**Exercise**
Please print the entries below exactly, from the line with "BILTO Long Sleeve T-Shirt Black" through the line with "Hermes Custom-made Birkin", including both of those lines and leaving out all others.

(Stored items from a collection)
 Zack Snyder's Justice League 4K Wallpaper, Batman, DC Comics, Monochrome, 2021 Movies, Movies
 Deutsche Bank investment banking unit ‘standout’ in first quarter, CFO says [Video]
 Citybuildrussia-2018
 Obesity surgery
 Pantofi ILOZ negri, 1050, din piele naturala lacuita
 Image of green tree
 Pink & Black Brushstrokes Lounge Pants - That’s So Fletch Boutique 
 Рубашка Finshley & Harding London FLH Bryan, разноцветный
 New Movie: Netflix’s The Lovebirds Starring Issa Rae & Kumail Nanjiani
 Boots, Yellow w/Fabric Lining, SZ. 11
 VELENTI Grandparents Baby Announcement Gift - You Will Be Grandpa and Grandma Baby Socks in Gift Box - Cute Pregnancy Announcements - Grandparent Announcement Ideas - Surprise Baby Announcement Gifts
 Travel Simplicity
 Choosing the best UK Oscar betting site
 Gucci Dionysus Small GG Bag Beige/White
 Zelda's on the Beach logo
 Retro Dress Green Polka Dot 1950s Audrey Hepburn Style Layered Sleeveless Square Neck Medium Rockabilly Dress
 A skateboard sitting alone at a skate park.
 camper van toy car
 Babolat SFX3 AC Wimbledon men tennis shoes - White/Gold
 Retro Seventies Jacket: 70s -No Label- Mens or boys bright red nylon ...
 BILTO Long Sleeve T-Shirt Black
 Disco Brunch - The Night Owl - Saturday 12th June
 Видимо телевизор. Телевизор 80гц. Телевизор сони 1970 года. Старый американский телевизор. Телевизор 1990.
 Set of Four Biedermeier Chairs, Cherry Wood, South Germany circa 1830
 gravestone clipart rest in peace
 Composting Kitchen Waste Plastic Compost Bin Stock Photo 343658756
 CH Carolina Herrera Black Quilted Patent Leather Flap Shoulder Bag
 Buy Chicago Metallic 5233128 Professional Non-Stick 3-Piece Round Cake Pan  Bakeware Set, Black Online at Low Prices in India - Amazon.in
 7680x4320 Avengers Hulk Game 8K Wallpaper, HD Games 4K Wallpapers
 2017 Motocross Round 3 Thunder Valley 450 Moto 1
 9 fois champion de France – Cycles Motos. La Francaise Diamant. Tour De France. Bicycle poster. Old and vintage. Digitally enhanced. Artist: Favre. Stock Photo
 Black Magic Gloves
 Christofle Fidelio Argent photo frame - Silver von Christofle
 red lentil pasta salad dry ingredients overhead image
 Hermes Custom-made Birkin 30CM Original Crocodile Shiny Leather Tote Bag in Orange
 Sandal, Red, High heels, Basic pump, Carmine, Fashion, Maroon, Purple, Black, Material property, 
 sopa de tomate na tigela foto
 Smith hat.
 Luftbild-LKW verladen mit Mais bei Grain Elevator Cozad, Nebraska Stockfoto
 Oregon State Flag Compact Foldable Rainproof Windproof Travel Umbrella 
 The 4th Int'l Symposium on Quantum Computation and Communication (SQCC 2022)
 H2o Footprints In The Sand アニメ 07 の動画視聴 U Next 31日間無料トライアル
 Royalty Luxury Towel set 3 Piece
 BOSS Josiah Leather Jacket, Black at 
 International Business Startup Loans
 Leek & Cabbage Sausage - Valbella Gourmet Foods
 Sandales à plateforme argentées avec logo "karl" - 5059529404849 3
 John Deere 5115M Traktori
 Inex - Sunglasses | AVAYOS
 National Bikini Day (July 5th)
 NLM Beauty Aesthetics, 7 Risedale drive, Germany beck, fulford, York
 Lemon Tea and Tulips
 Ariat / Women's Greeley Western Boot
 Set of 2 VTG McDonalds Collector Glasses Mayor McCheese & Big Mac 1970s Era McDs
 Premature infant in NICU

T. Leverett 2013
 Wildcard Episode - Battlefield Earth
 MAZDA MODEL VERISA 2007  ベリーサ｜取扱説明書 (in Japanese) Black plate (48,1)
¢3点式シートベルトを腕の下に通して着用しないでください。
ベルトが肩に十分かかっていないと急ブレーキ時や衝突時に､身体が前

**Answer to the problem**
 BILTO Long Sleeve T-Shirt Black
 Disco Brunch - The Night Owl - Saturday 12th June
 Видимо телевизор. Телевизор 80гц. Телевизор сони 1970 года. Старый американский телевизор. Телевизор 1990.
 Set of Four Biedermeier Chairs, Cherry Wood, South Germany circa 1830
 gravestone clipart rest in peace
 Composting Kitchen Waste Plastic Compost Bin Stock Photo 343658756
 CH Carolina Herrera Black Quilted Patent Leather Flap Shoulder Bag
 Buy Chicago Metallic 5233128 Professional Non-Stick 3-Piece Round Cake Pan  Bakeware Set, Black Online at Low Prices in India - Amazon.in
 7680x4320 Avengers Hulk Game 8K Wallpaper, HD Games 4K Wallpapers
 2017 Motocross Round 3 Thunder Valley 450 Moto 1
 9 fois champion de France – Cycles Motos. La Francaise Diamant. Tour De France. Bicycle poster. Old and vintage. Digitally enhanced. Artist: Favre. Stock Photo
 Black Magic Gloves
 Christofle Fidelio Argent photo frame - Silver von Christofle
 red lentil pasta salad dry ingredients overhead image
 Hermes Custom-made Birkin 30CM Original Crocodile Shiny Leather Tote Bag in Orange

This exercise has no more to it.